⚡ Flow Agent

Generate AI videos & images from your terminal — no API key, no limits.

Omni Flash for cinematic video generation · Nano Banana 2 for unlimited image creation
Auto watermark removal · Reference-based editing · One command, zero setup.

🎬 T2V V2V I2V — Video generation with auto watermark clean (uses credits)
🖼️ T2I I2I — Unlimited image generation with reference support (no credits needed)
🔑 Uses your Google account via Chrome extension — no API key required

✅ Features & Status

Feature	What it does	Time	Status
T2V	Generate video from text prompt	~44s	✅ Working
T2I	Generate image from text prompt	~10-30s	✅ Working
V2V	Edit/restyle existing video	~3min	✅ Working
I2I	Edit image with reference	~10-30s	✅ Working
I2V	Animate a still image into video	~44s	✅ Working
FL	First + Last frame video control	~44s	✅ Working
R2V	Reference-based video generation	~44s	✅ Working
Upload	Upload video/image to Flow	~12s	✅ Working
Watermark Remove	Auto-remove Gemini watermark (~1s)	~1s	✅ Auto
Auto-Retry	Auto-open/refresh Flow tab for token	auto	✅ Built-in
API Sniffer	Discover new endpoints/payloads	-	✅ Working

📋 Prerequisites

Requirement	Details
Python	3.9 or higher
Chrome	Latest version
Google Account	Logged into Flow
ffmpeg	Only for V2V merge (optional)

🛠️ Installation (Step by Step)

Step 1: Clone the repo

git clone https://github.com/kodelyx/flow-agent.git
cd flow-agent

Step 2: Install Python dependencies

pip install -r requirements.txt

This installs websockets, opencv-python-headless, and numpy.
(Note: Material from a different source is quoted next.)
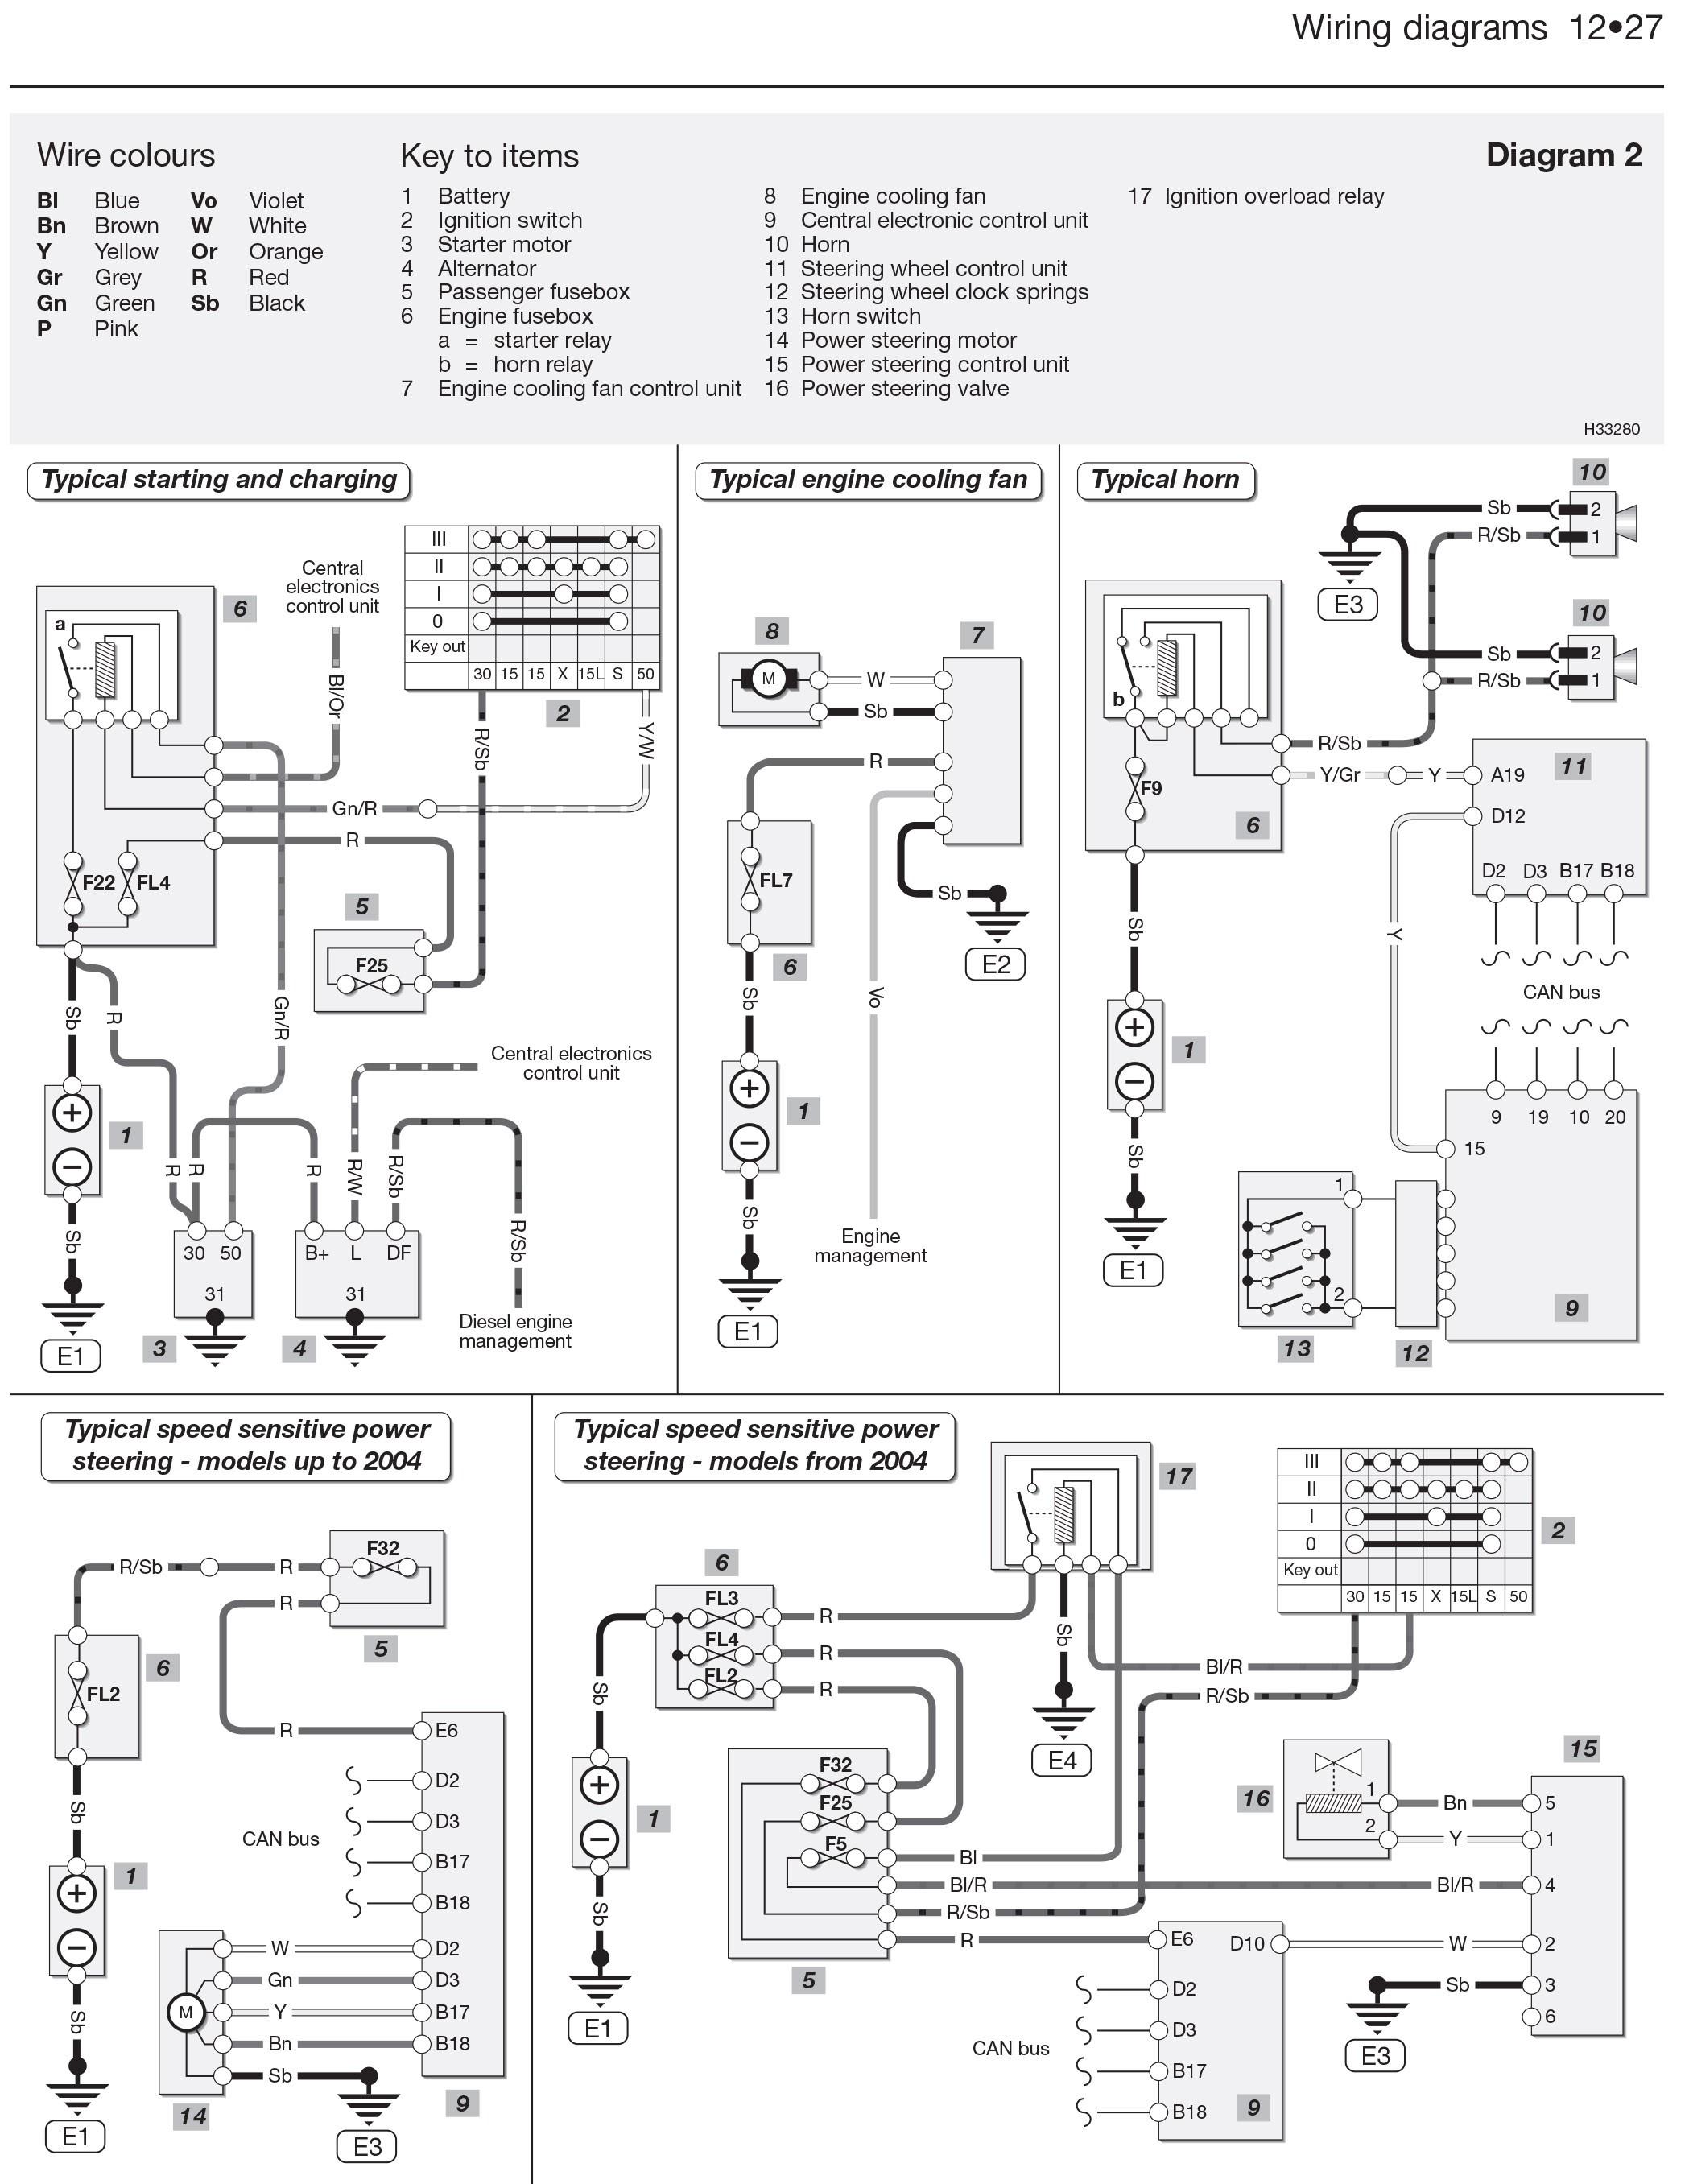 Volvo S80 2000 Wiring Diagram Volvo V70 S80 Petrol & Diesel 1998 2007 S to 07 Haynes Line Manual Of Volvo S80 2000 Wiring Diagram

Step 3: Install the Chrome Extension

Open Chrome browser
Go to chrome://extensions in the address bar
Toggle "Developer mode" ON (top-right corner)
Click "Load unpacked"
Select the extension/ folder from this repo
You should see the Flow Agent extension appear

Step 4: Open Google Flow

Open labs.google/fx/tools/flow in Chrome
Make sure you're logged into your Google account
The extension icon should show a green badge = connected
The extension auto-opens this tab when needed

⚠️ The Flow tab auto-opens when you run a command. No manual tab management needed!

🚀 Usage

Text → Video (T2V)

Generate a new video from a text description.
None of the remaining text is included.